Она подумала о Билли Калхуне, его седых волосах и кроссвордах. Вспомнила ту ночь десятилетней давности, очень похожую на нынешнюю: ранний вечер, гром, сотрясающий доски, стены и окна, дождь, падающий в темноте с черного неба. Она тогда стояла почти там же, где сидела сейчас. Тогда на ней был только развязанный халат поверх пижамы, и ее продувал прохладный ветер.
Она стояла и ждала.
Ждала Тома.
Ждала мужчин.
«В вечном ожидании», – подумала она, глядя на ковбойский кемпер.
По телевизору в тот вечер рассказывали о наводнении в Тайсоне, когда реки, спускающиеся по бахадам, размыли все дороги.

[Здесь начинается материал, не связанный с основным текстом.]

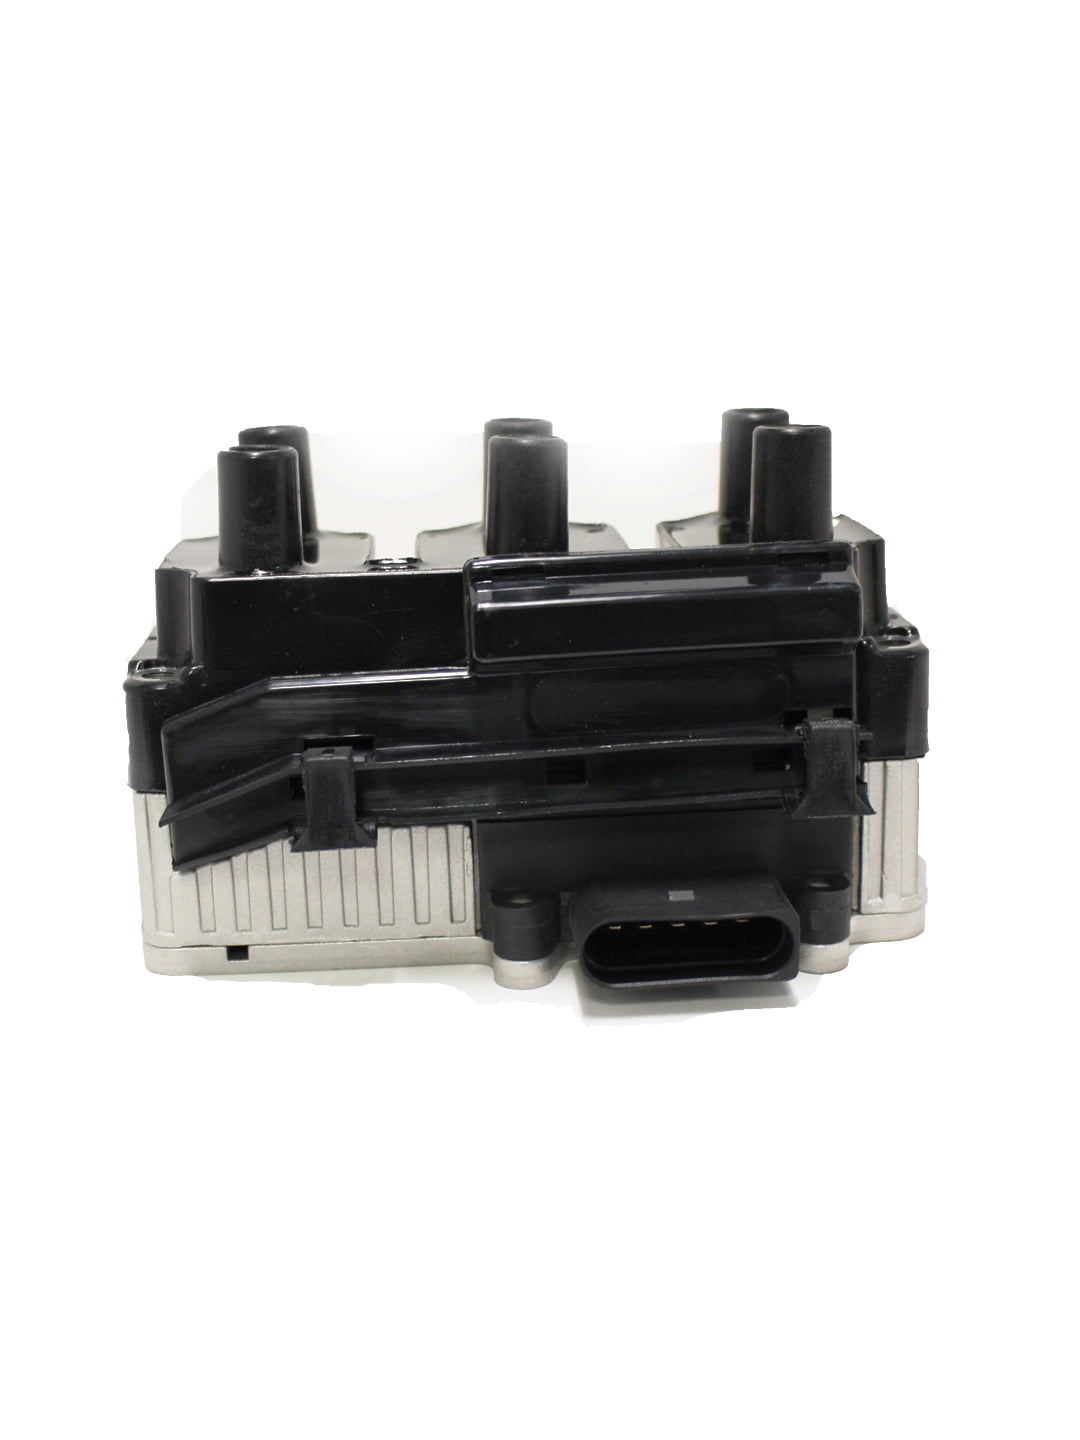 OEM Quality New Ignition Coil for 1998-2003 Volkswagen Golf UF338 Jetta 2.8L

Лило так, что она едва различала мотель под холмом. Постояльцев не было, и уже несколько недель. Том из-за рака стал спать еще хуже, его сон, без того эфемерный, будто бы растворялся в потоке голубого пара. Укрытие от бури для путников, которым не хватило ума сбежать от дождя. «Таких, как мой Том», – думала она, теснее кутаясь в свой халат.
Ушел в хозяйственный магазин и не возвращался уже несколько часов.
«Иисусе».
Она походила.
Почитала «Ридерз дайджест».
Закурила.
Наконец, перед самой полуночью, увидела фары пикапа на шоссе. Машина сбавила скорость и свернула на длинную подъездную дорожку к фермерскому дому, и сквозь серебристую завесу дождя пробился дальний свет. Это ехал не Том. Она сошла с перил и завязала махровый пояс у себя на халате. Из машины, прикрывая голову газетой, вылез высокий мужчина. В джинсах, белой футболке и поношенных броганах вроде тех, что носил ее отец. Он подбежал к пассажирской двери, и к тому времени, как та открылась, газета над его головой вся промокла. Он помог пассажиру выбраться из кабины, и когда они обогнули машину и вместе прошли мимо фар, она увидела, что тем, кому помогал водитель, оказался ее муж, и ее муж был пьян почти до беспамятства. Пока мужчины поднялись по ступенькам, водитель поддерживал Тома, обхватив его рукой, а Том волочил ноги, будто шаркающий монстр из фильма ужасов. Аннабель отступила назад, когда мужчины поднялись на крыльцо и выбрались на свет. Тогда она увидела, что водителем оказался бармен, Билли Калхун.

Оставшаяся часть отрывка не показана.